The President’s spokesman, Malam Garba Shehu, stated this while reacting to a media report tying the rise in inflation to the Muhammadu Buhari administration.

”Anybody, who promotes this kind of thinking is telling the whole world that they either don’t know what is happening all over the world or they are not paying attention to the facts”, Shehu had argued.

Beyond monetary policy

In response to the persistent inflationary pressures, the CBN has taken the approach of fighting inflation by raising interest rates. The bank has raised rates from 11.5% to 18%, resulting in a whopping 650 basis point increase. The unprecedented rise in rates is aimed at reducing the pace of inflation, regardless of the consequences.

But Nigeria’s inflation has remained stubbornly high, despite increases in benchmark interest rate, as well as, attempts to stifle consumer demand through reducing cash-in-circulation.

It is expected that the unrelenting spikes in inflation will heavily influence the central bank’s decision at the next monetary policy meeting, which is around the corner.

In a chat with our correspondent, an economist, Dr. Francis Anyanwu, noted that it is crucial for the CBN to reassess its approach and consider taking more decisive and comprehensive measures to address the alarming inflation rate.


Dr Anyanwu said, “Raising interest rates alone may not be sufficient to curb inflation, as evidenced by the recent data.

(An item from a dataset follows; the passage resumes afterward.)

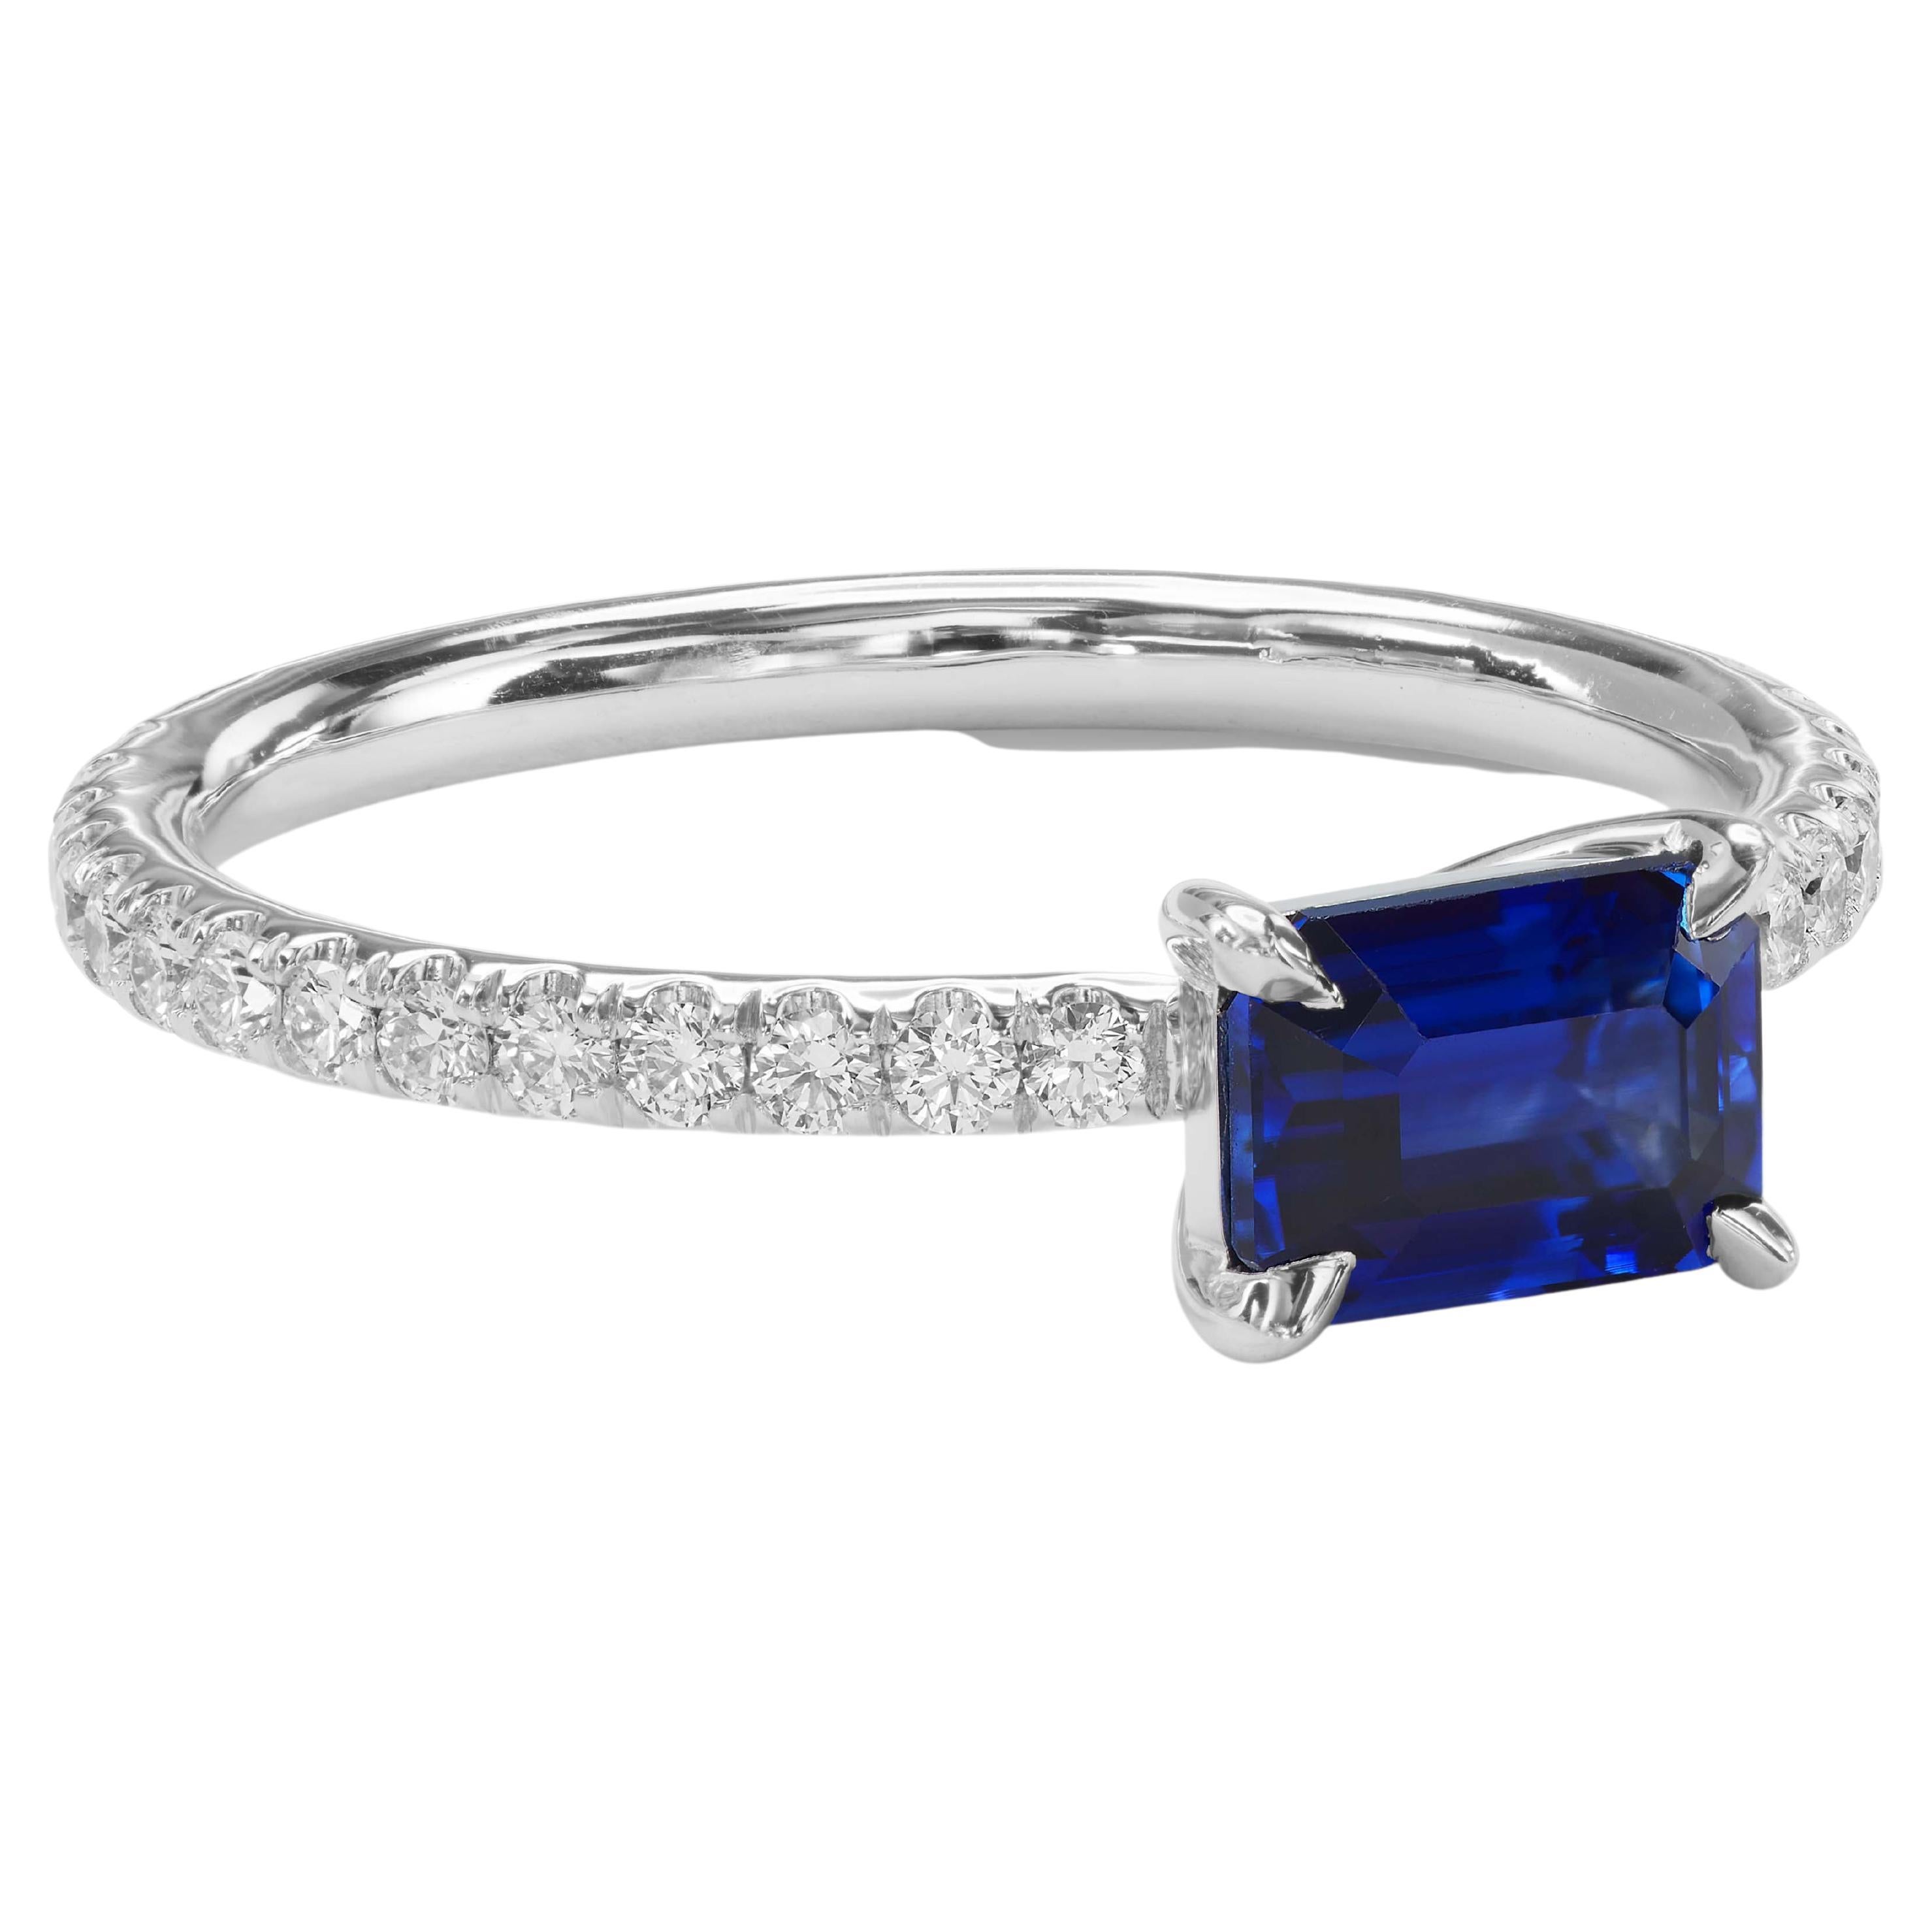 1 carat Blue Sapphire Ring with Pave Band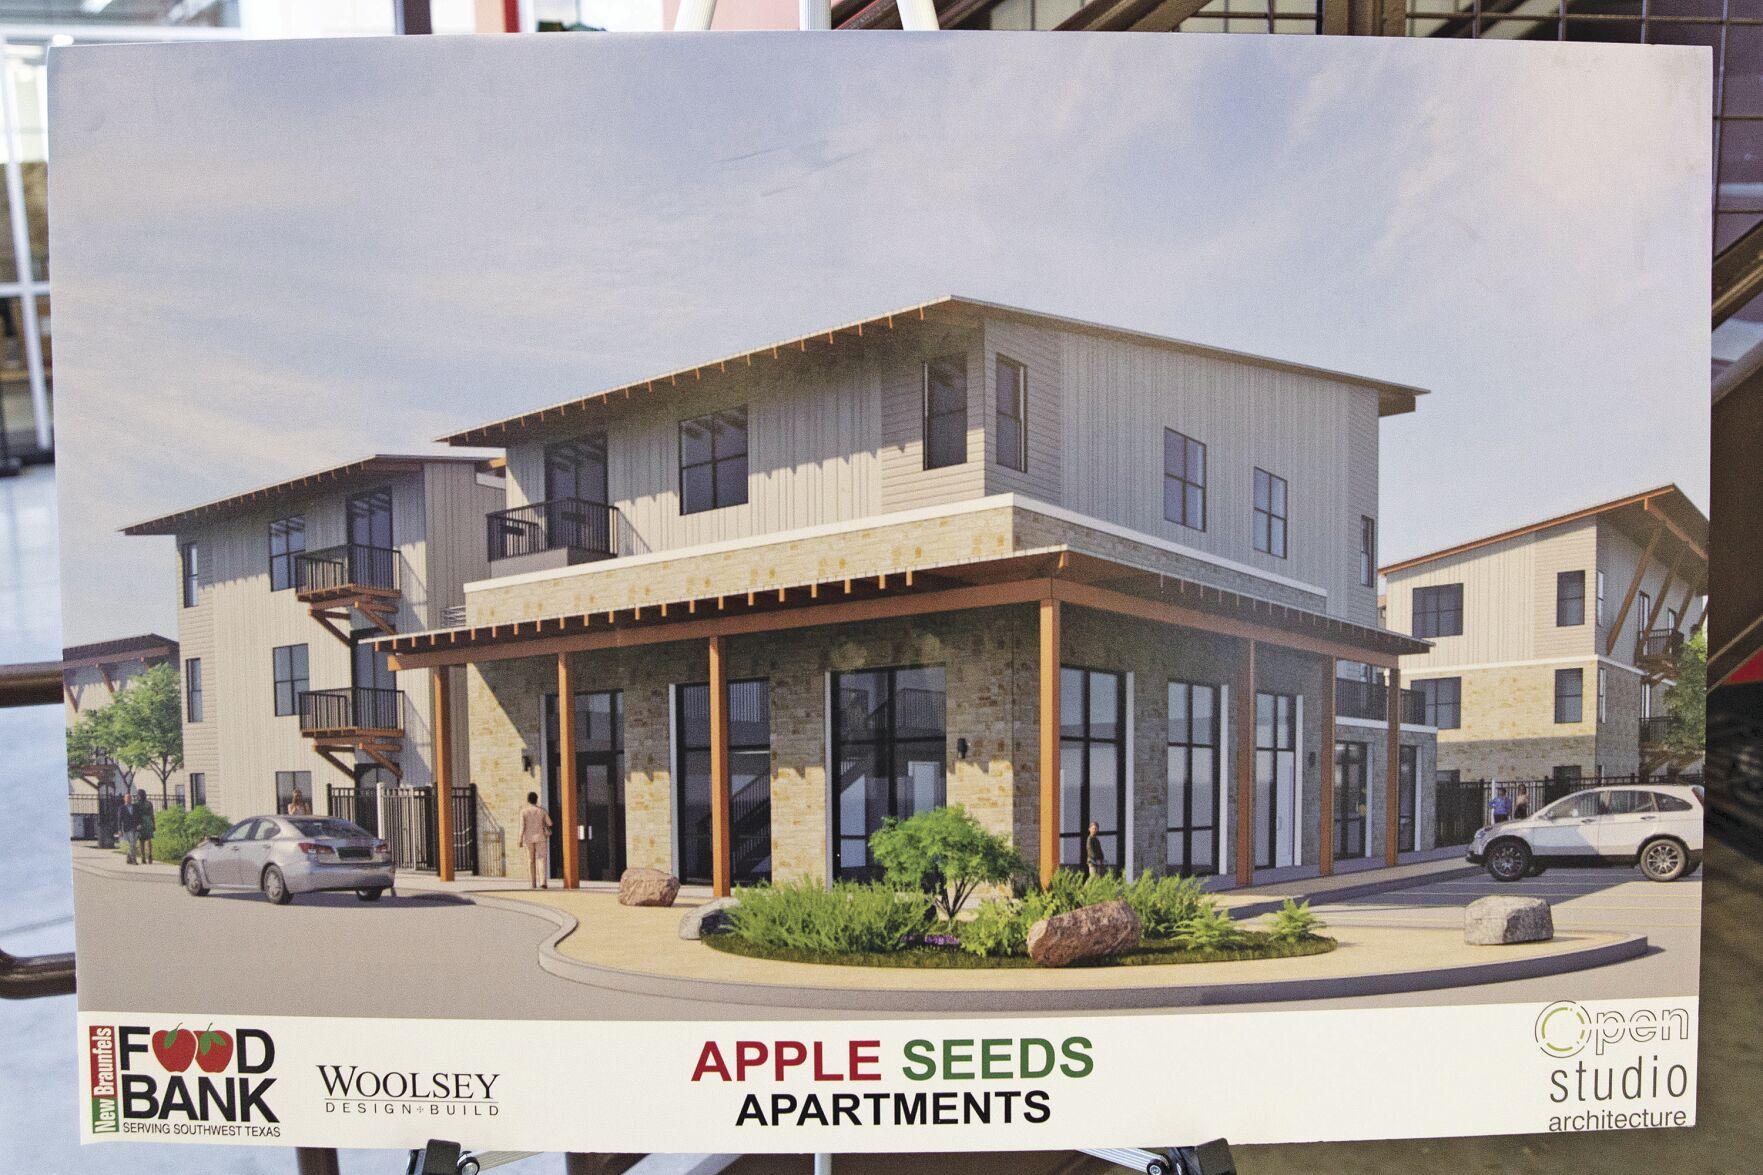 New Braunfels Food Bank, city working on 51unit apartment project

While it is essential to tighten monetary policy to reduce liquidity in the economy and curb excessive consumer demand, the CBN needs to go beyond interest rate adjustments to achieve lasting results.

“One area the CBN should focus on is tackling the root causes of inflation and going hard with policies that bite and not just bark. This can be grouped into real-sector root causes and financial services root causes.”

Last month, Oyeyemi Kale, KPMG Nigeria’s chief economist and former Statistician-General of the federation, warned that policy measures aimed at controlling spending may not be the best strategy for moderating inflation.

He was reacting to recent policies (interest rate hike, and the naira redesign policy) by the CBN aimed at curbing the current inflationary trend in Nigeria.

According to Kale, following the CBN’s naira redesign policy, currency in circulation has dropped from N3.28trn in December 2022 to N1.38 trn in January and to an estimated N982.09b in February 2023, representing a 235 percent decline.

“It was expected that the scarcity of redesigned notes, which caused a cash crunch in the economy since January 2023, would stimulate a slowdown in demand-pull inflation, especially given the series of interest rate hikes from the central bank (500 basis points since May 2022). This has, however, not happened yet,” he said.

“This might indicate a drop in output below effective demand, despite the cash crunch, with some producers of goods and services whose activities are cash-based facing challenges purchasing inputs for production or replacing their stock and distributing them across the country.”